Both businesses and individuals have reasons to favor an independent contractor arrangement rather than an employment relationship. Unemployment tax obligations, workers’ compensation and state statutes regulating wages and hours are important issues for any business. Individuals often request independent contractor status, usually for their own tax considerations.
In Massachusetts’ law, for purposes of workers’ compensation and wage laws, there is a presumption of an employer-employee relationship unless three conditions are met:
(1) Freedom from control - Is the worker free from management control and direction? Does he have discretion / decision making power in performing the service?
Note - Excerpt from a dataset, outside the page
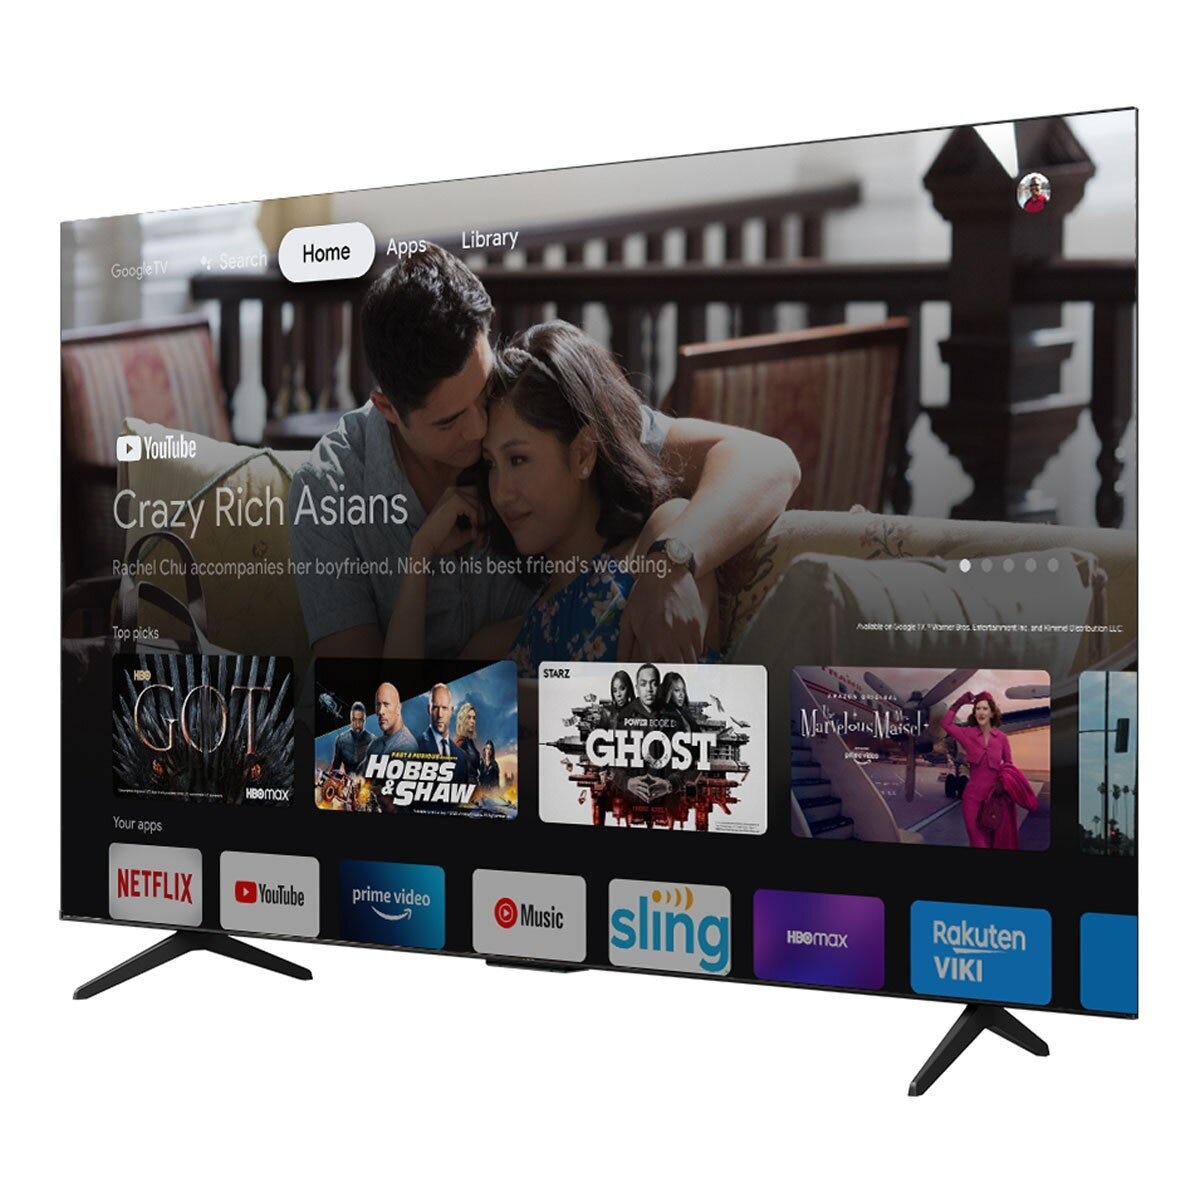 TCL 43吋 4K UHD Google TV 液晶顯示器 43P755

(2) The work is outside the employer’s usual course of business - Is the work to be performed by the individual ordinarily done within the business setting? Is it unique or different from the work normally carried out?
(3) The work is engaged in an independent trade - Is this person normally engaged in the same type of occupation, profession or business?
The Department of Workforce Development (DWD)/ Division of Unemployment Assistance (DUA) is particularly stringent in its application of the employee presumption. It’s also true that individuals who happily agreed to serve as independent contractors sometimes run down to the unemployment office to apply for benefits once their contracts have been terminated.
The DWD narrowly interprets the term “freedom from control.” In a recent decision, an independent contractor who performed most of his work out of his own garage, using his own laptop and tools, was found to be an employee. The reasons: he did report into the business on occasion; he used the company’s timesheet to report his hours; and he worked at the employer’s premises several times when his own equipment was not sufficient for the particular job. He was not “supervised” in the traditional sense but he was viewed as under “control” of the business. He was allowed to collect benefits.
There are situations where an outside service provider is usually an independent contractor, such as an attorney, accountant, web designer or bookkeeper. Other functions are not as easily categorized, especially with individuals who perform the work at your premises. If you’re unsure whether a worker meets all three conditions, you should consult an employment law attorney.
Considering the federal analysis test (20 factors used by the Internal Revenue Service), as well as the Fair Labor Standards Act, more often than not a person providing services to your business is an employee.